2.2.1 Sample collection

In this study, we used pre-existing plasma samples collected during routine follow-up clinics. During clinic appointments, blood was drawn into lithium heparin tubes which were centrifuged at 2260 g for 10 min at 4–5 °C. Heparin plasma was then aliquoted out and stored at − 80 °C. Plasma samples were frozen within 120 min of collection.

2.2.2 Sample selection

A recall-by-genotype study design was used to select a subset of stored samples for analysis. Previously, genotyping for the rs138326449 splice variant APOC3 mutation was performed for all ALSPAC participants (mothers and offspring – referred to herein as ‘young participants’) who had a suitable DNA sample using KASPAR at KBioscience (www.lgcgenomics.com) (Drenos et al. 2016). A list of carriers of the minor ‘A’ allele at rs138326449 was generated and cross-checked against a list of stored samples for these same participants.

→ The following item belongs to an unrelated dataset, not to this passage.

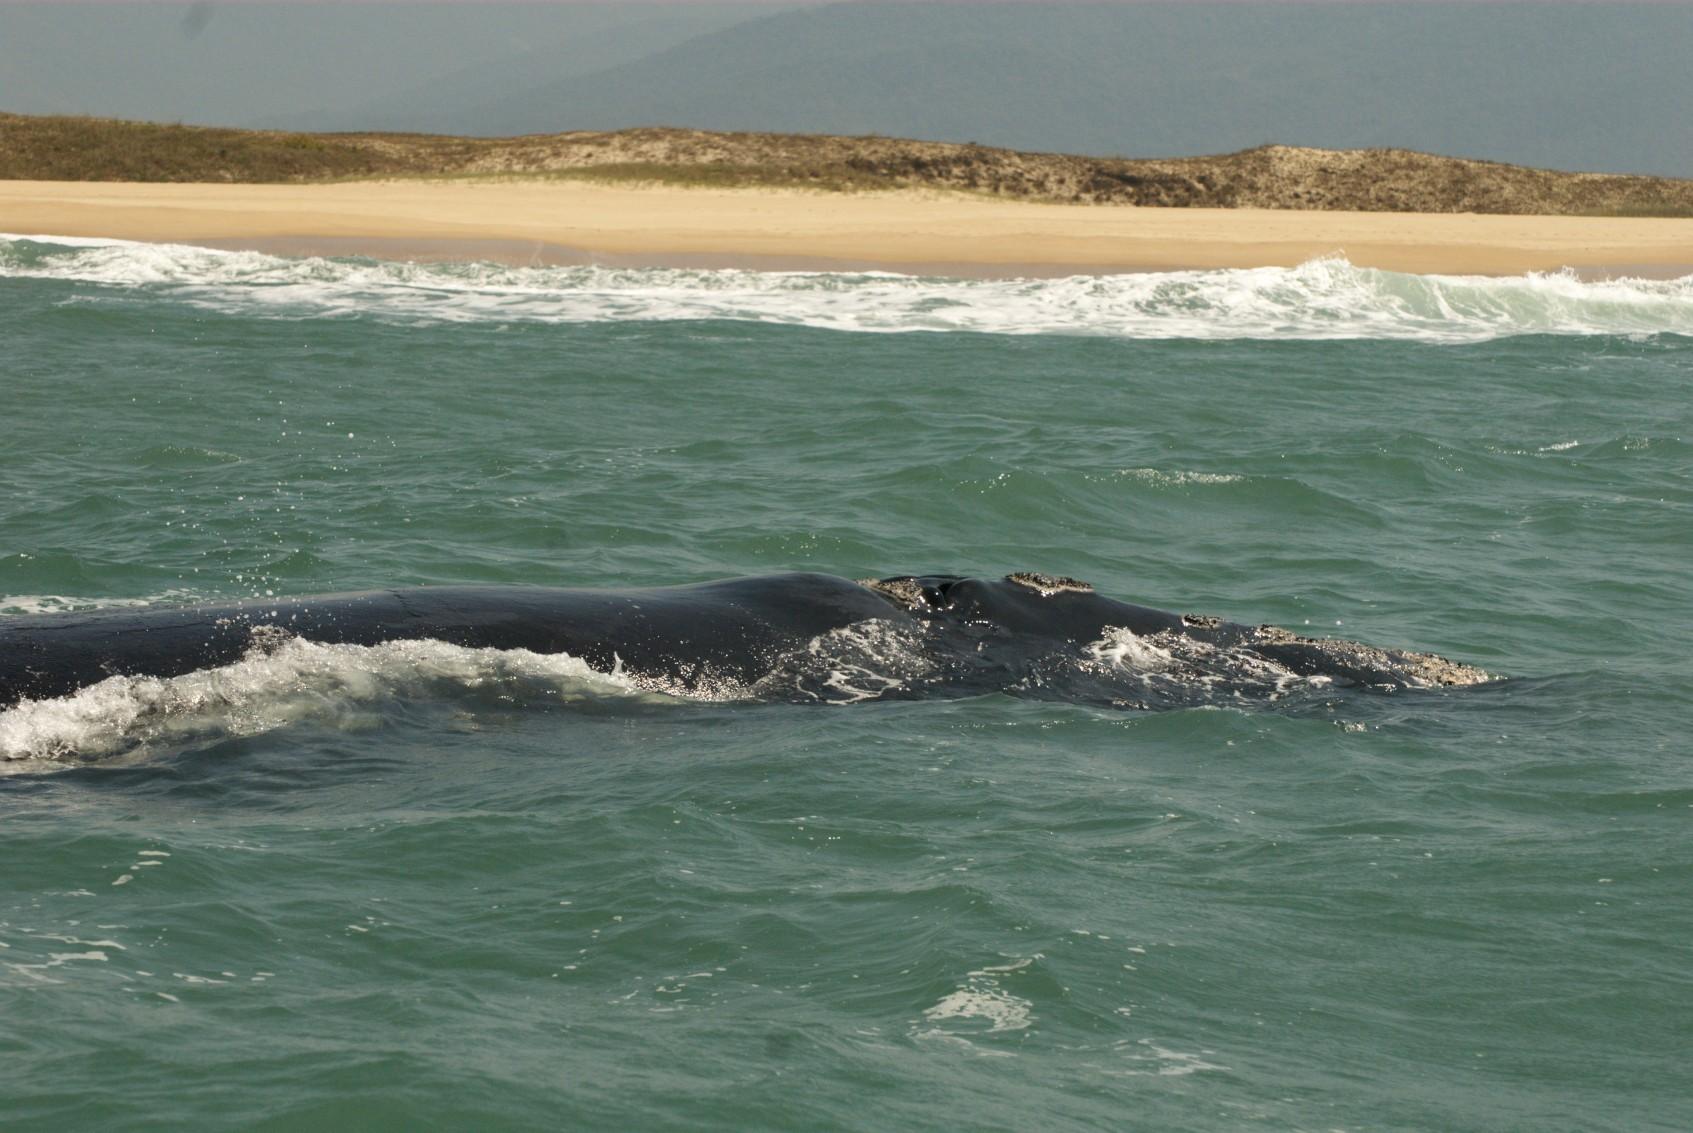 bra07-whalewatch-free-santur

Where a sample was available for a carrier, samples from two age and sex-matched ‘controls’ (i.e. homozygotes for the major ‘G’ allele) attending the same clinic were identified for inclusion. Where additional samples (from other time points) were available for carriers, these were also selected to be analysed, giving repeated measurements for a subset of participants. In all clinics, participants who were assessed in the morning were instructed to fast overnight and those that attended after 2 pm were instructed to fast for at least six hours prior to their appointment. However, there were nine samples within the mother’s dataset which had to be considered non-fasting since the participant had reported consuming food and/or drink within six hours of blood sampling.

2.3 Ultra high performance liquid chromatography-mass spectrometry (UHPLC-MS)

Plasma samples were extracted applying organic solvents and analysed applying two complementary UHPLC-MS assays applied to study water-soluble metabolites (HILIC assay) and lipid metabolites (C18 reversed phase assay). All samples were randomised in their sample preparation and analysis order. A single pooled QC sample was prepared from all biological samples and was applied to quantify and report data quality. Four different datasets were acquired: HILIC positive ion mode (HILIC-POS), HILIC negative ion mode (HILIC-NEG), lipids positive ion mode (LIPIDS-POS) and lipids negative ion mode (LIPIDS-NEG). Raw data processing was performed using XCMS (Smith et al. 2006). Full details of sample preparation, UHPLC-MS analysis and raw data processing can be found in Supplementary Methods (ESM_1).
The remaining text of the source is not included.